たとえば、“Twitter の効果測定指標” というような考えが独り歩きをしてしまうようなコトは、ほとんど見受けられないし、Twitter 単体で何かをやっていくというコトも、あまり無い。仮にソーシャル メディア上の窓口もといチャネルが Twitter だけだったとしても、必ず、いわゆる Owned Media に位置する、自前のサイトとの連携は密接なモノであるコトがほとんどだったりする。
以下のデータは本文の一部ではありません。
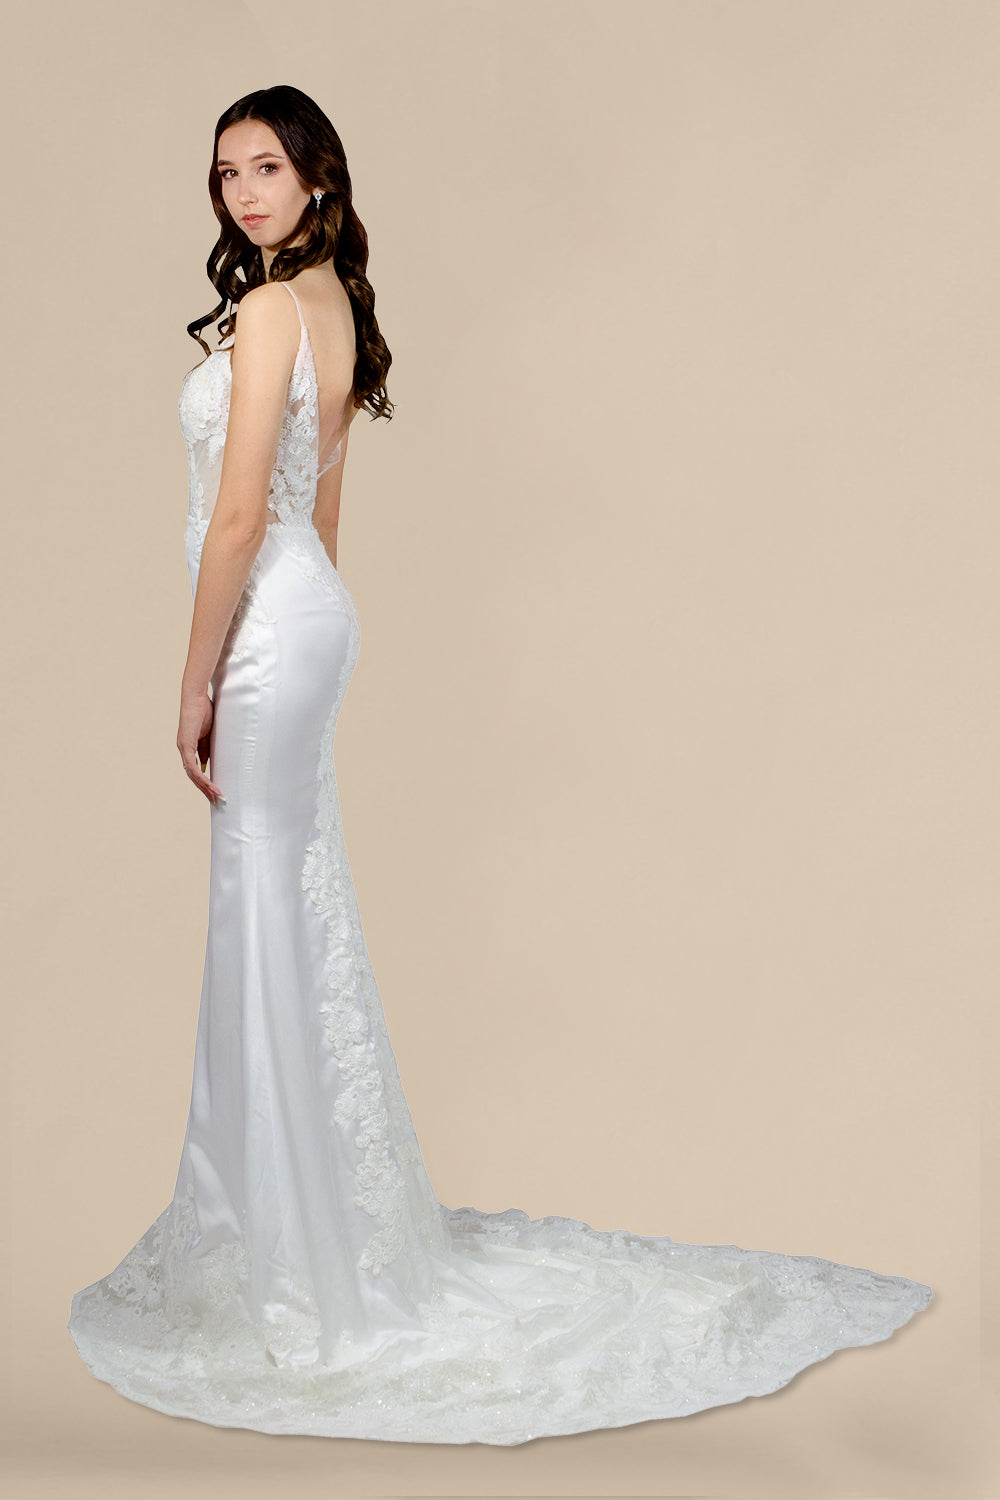 custom made silk wedding gowns australia online dressmaker envious bridal

つまり、ソーシャル メディア単体で突っ走っていく施策自体が、ほとんど無いのだ。
こういった考えが、しっかりと根付いているため、当然施策運営の細かいところなども、かなり日本で考えられているそれとは異なってくる (かつ本質的である) 部分が多い。次回以降は、ソレを中心に書き残していこうと思う。

コミュニケーション>チャネル・メディア>ツール
すなわち、戦略>戦術>戦法という思考が定着している組織は強い
日本は戦法に強いんですが、特にヨーロッパ(とその影響を受けているアメリカ)および中国は戦略に強い印象あり
Posted by: 山本@五反田 | 2010/06/08 at 12:27
山本@五反田さん>
実際、日本でも、戦法もといツールやプラットフォーム単位でのアプローチの仕方は、色々と考えられているように思えます。ただ、おっしゃる通りで、一方で戦術、ましてや戦略になってくると、その差がかなり際立って見えたというのが、率直な感想でした。このへん、かなり難しいところではありますね…。
Posted by: クマムラゴウスケ | 2010/06/08 at 13:35
戦略的発想については、功罪言われているビジネススクールがプラスに作用してると思われる。ビジネスを大きくとらえてデザインする構築力の育成がめざされてる。(ポジショントーク 笑)
Posted by: Ywakabayashi | 2010/06/10 at 23:50
ビジネススクールで学んできた方ばかりが携わっているわけではないですが、確かにおっしゃる通りで、ビジネスを大きくとらえて、全体をデザインした上でのアプローチであることが、強く感じられました。これは、自分も学ばないと、と思った次第です。